NVIDIA's B200 GPU Costs 2-3x More Than the H100. Here's Why Most Teams Should Wait.
NVIDIA's latest B200 Blackwell GPU is remarkably powerful, but it comes with a price tag and availability crisis that's making most AI teams reconsider whether the upgrade is worth the wait. The B200 costs between $2.99 and $27.04 per hour depending on the cloud provider, compared to $1.38 to $11.01 per hour for the older H100 GPU. That's roughly 2 to 3 times more expensive on an hourly basis, and the real cost multiplies when you factor in the infrastructure requirements and limited access.
Why Is the B200 So Expensive?
The B200 represents a significant leap in raw computing power. Each GPU packs 192 gigabytes of HBM3e memory, compared to 80 gigabytes in the H100, and can deliver up to 8,000 gigabytes per second of memory bandwidth. However, three major factors are driving up the cost and limiting availability.

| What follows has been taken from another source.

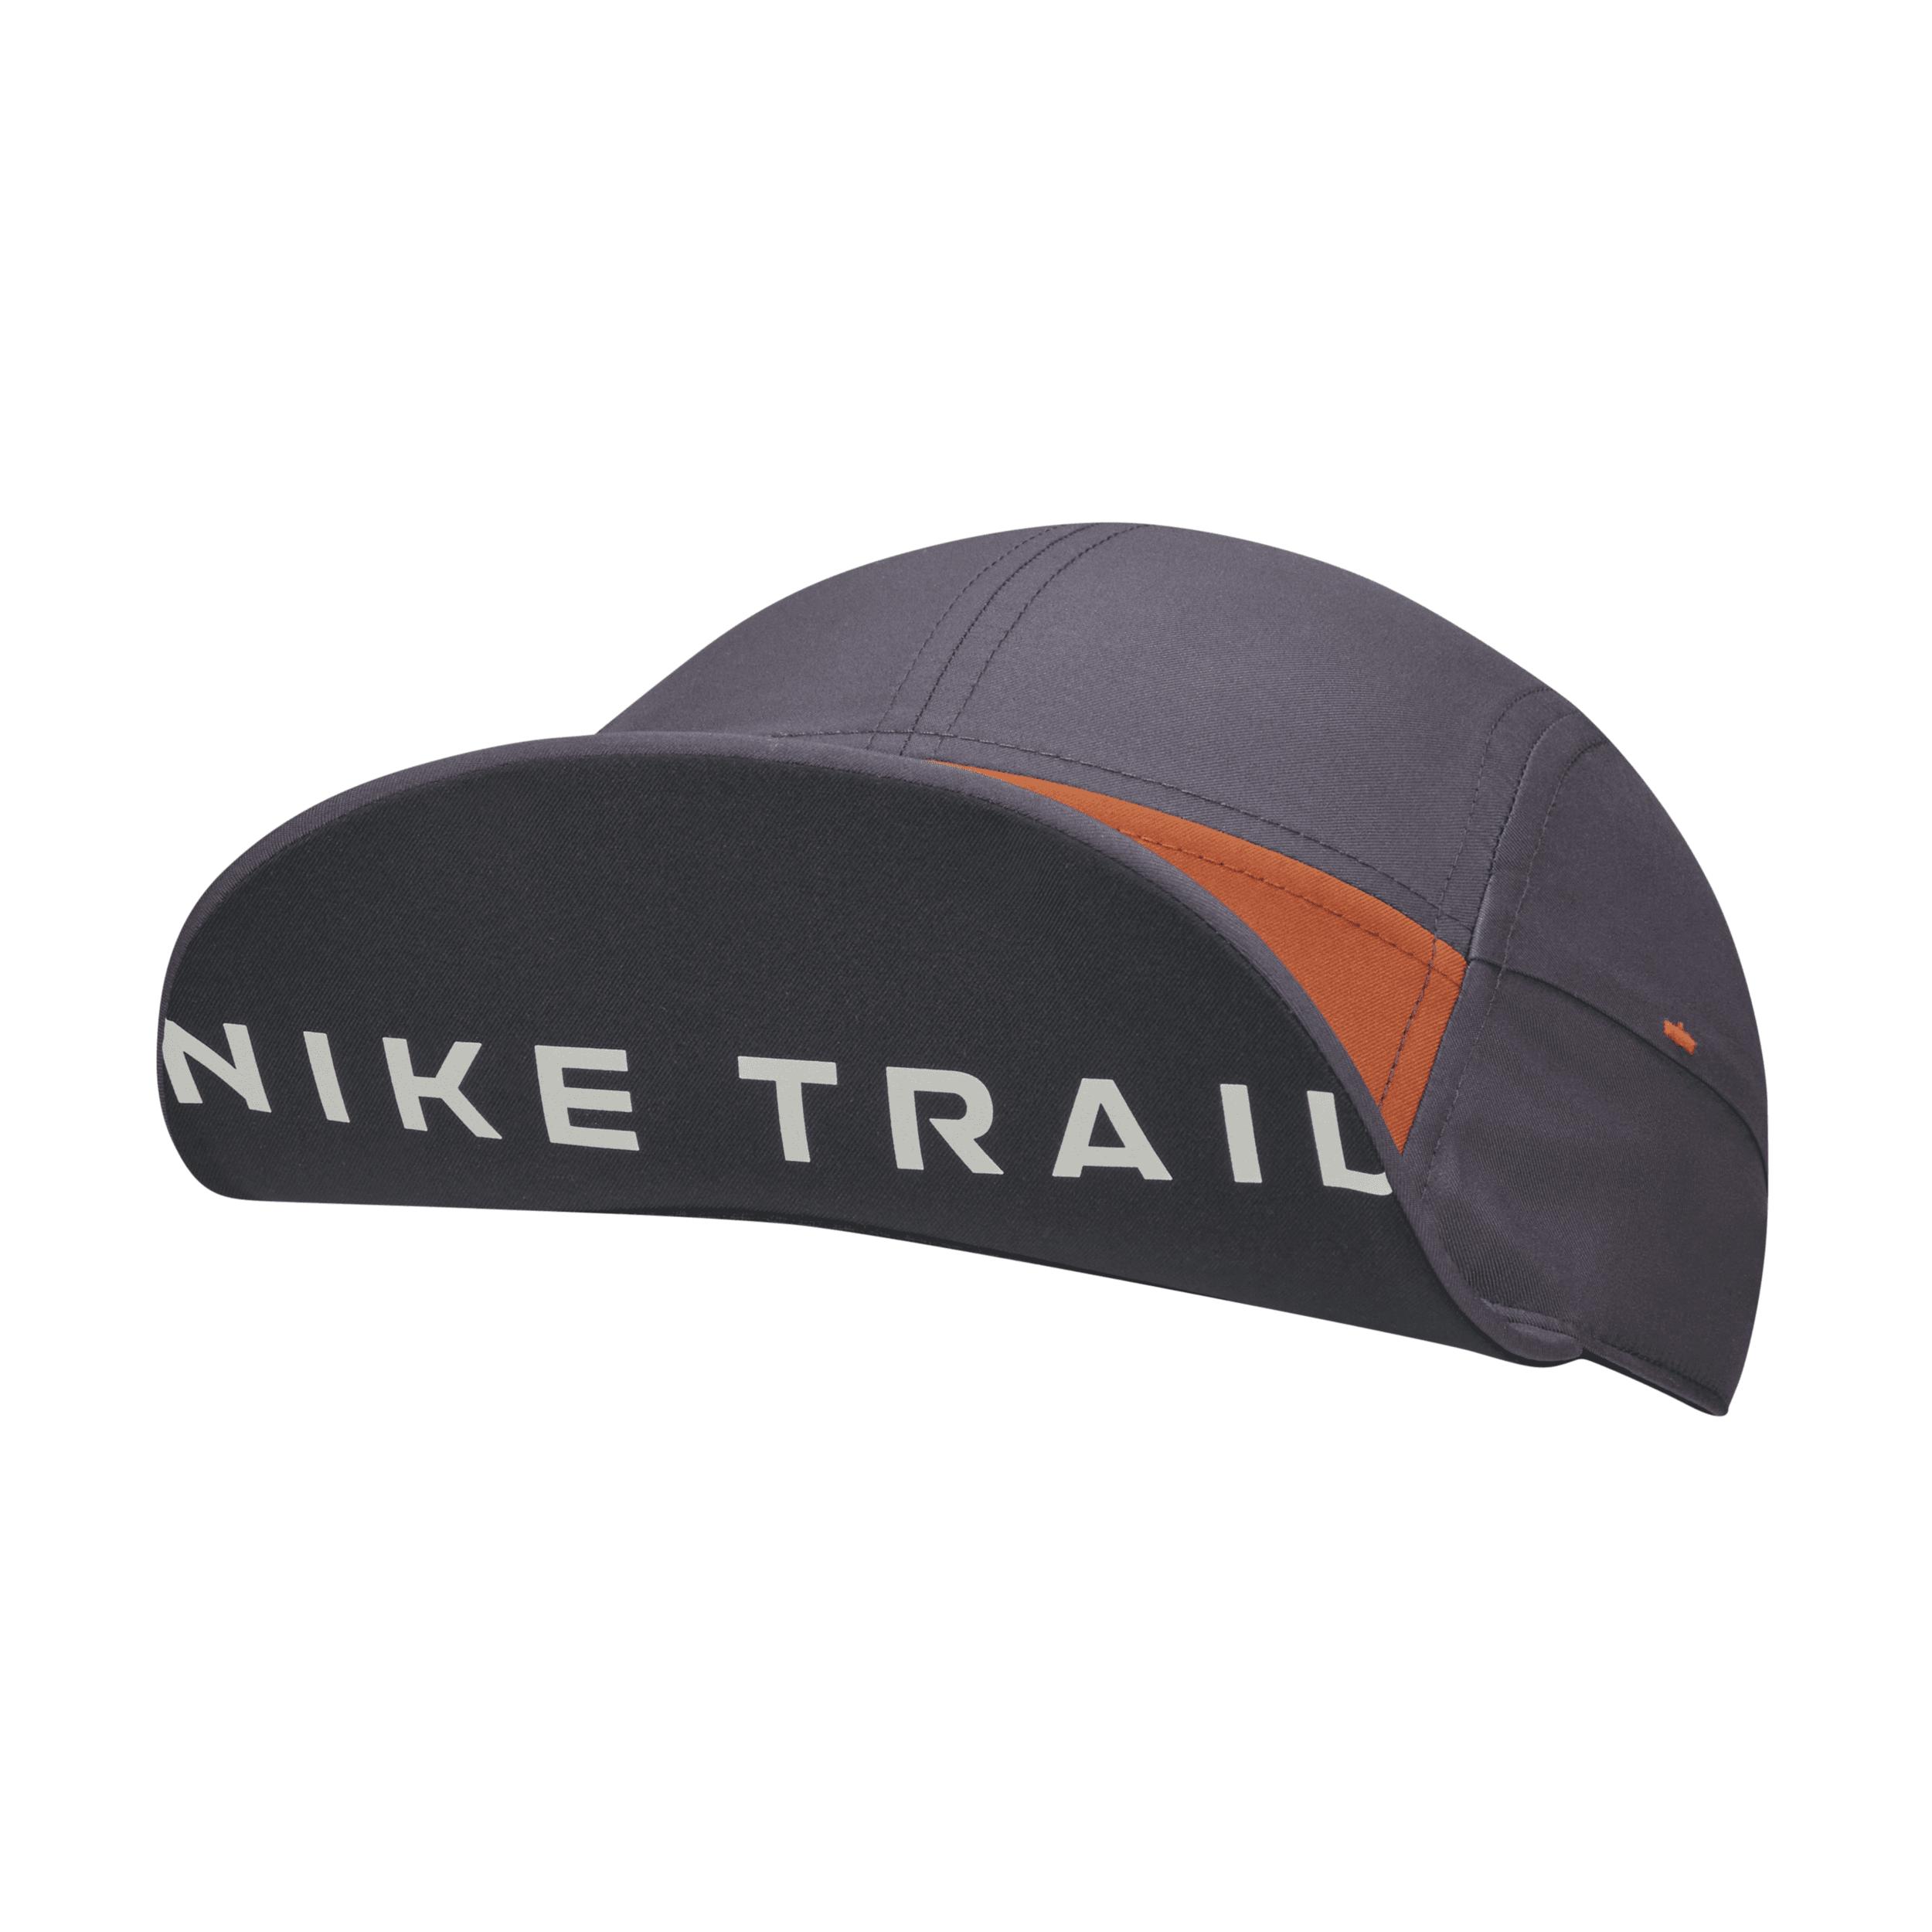 Nike Dri-fit Aw84 Trail Running Cap in Orange | Lyst

- Supply Constraints: Blackwell GPUs are in extremely high demand, especially for large-scale AI training, and supply has not yet caught up with demand, driving prices upward.
- Enterprise-Only Access: Most B200 deployments are reserved for large enterprise customers, making on-demand access difficult for smaller teams and startups.
- Infrastructure Requirements: B200 GPUs require specialized infrastructure and consume 1,000 watts of power each, making power distribution and cooling a significant engineering challenge.
Unlike the H100, which could plug into standard servers using PCIe connections, the B200 can only be housed in top-tier systems. This architectural change means organizations can't simply swap in a B200 as a drop-in replacement. They need to invest in entirely new infrastructure, which adds thousands of dollars to the total cost of ownership.
What Are Cloud Providers Charging for B200 Access?
Pricing varies dramatically across cloud platforms, and availability is far from guaranteed. AWS offers B200 instances at $14.24 per GPU per hour, while Azure charges $13.52 per GPU per hour and Google Cloud charges $13.34 per GPU per hour. Smaller providers like Hyperbolic and JarvisLabs offer lower rates starting at $2.99 per hour, but these come with significant caveats: availability is not guaranteed, many providers oversubscribe capacity, and enterprise agreements are often required.
The MSRP for a B200 was around $30,000 to $40,000 per GPU when purchased in clusters of eight or more. When you add in the cost of specialized infrastructure, power delivery systems, and cooling solutions, the total investment can easily exceed $500,000 for a single deployment.
Should Your Team Upgrade to the B200, or Wait?
For most AI teams, the answer is to stick with the H100 for now. The H100 is battle-tested, widely available across all major cloud providers, and significantly cheaper. Two H100 GPUs combined can deliver similar performance to a single B200 for many workloads, with comparable combined memory capacity and strong multi-GPU scaling through NVLink connections.
The B200 is genuinely remarkable hardware, but it comes with real trade-offs. It's best suited for organizations running very large model training at scale, such as training trillion-parameter language models. For fine-tuning, inference, and most standard training jobs, the H100 remains the practical choice.
How to Evaluate Whether You Need a B200
- Model Size: If you're training models with fewer than 100 billion parameters, the H100 will likely meet your needs at a fraction of the cost and with immediate availability.
- Memory Requirements: The B200's 192 gigabytes of memory is essential only for very large models or multi-trillion parameter inference workloads. Most organizations can work within the H100's 80-gigabyte limit.
- Timeline Flexibility: If your project can wait for B200 supply to stabilize and prices to normalize, waiting 6 to 12 months could save your organization tens of thousands of dollars.
- Budget Constraints: If your budget is limited, two H100 GPUs offer better ROI than a single B200 for the vast majority of real-world AI workloads.
The Blackwell rollout is still underway, and pricing remains volatile. Most access is limited to enterprise contracts, has waitlists, or is constrained by availability. Until supply catches up with demand, most teams will find better value and faster time-to-market with the proven H100 architecture.
The H100 is not a compromise; it's a proven, widely available GPU that handles the vast majority of real-world AI workloads. For organizations that need cutting-edge performance and have the budget to match, the B200's raw power gains may justify the premium. But for everyone else, patience and pragmatism are the smarter play.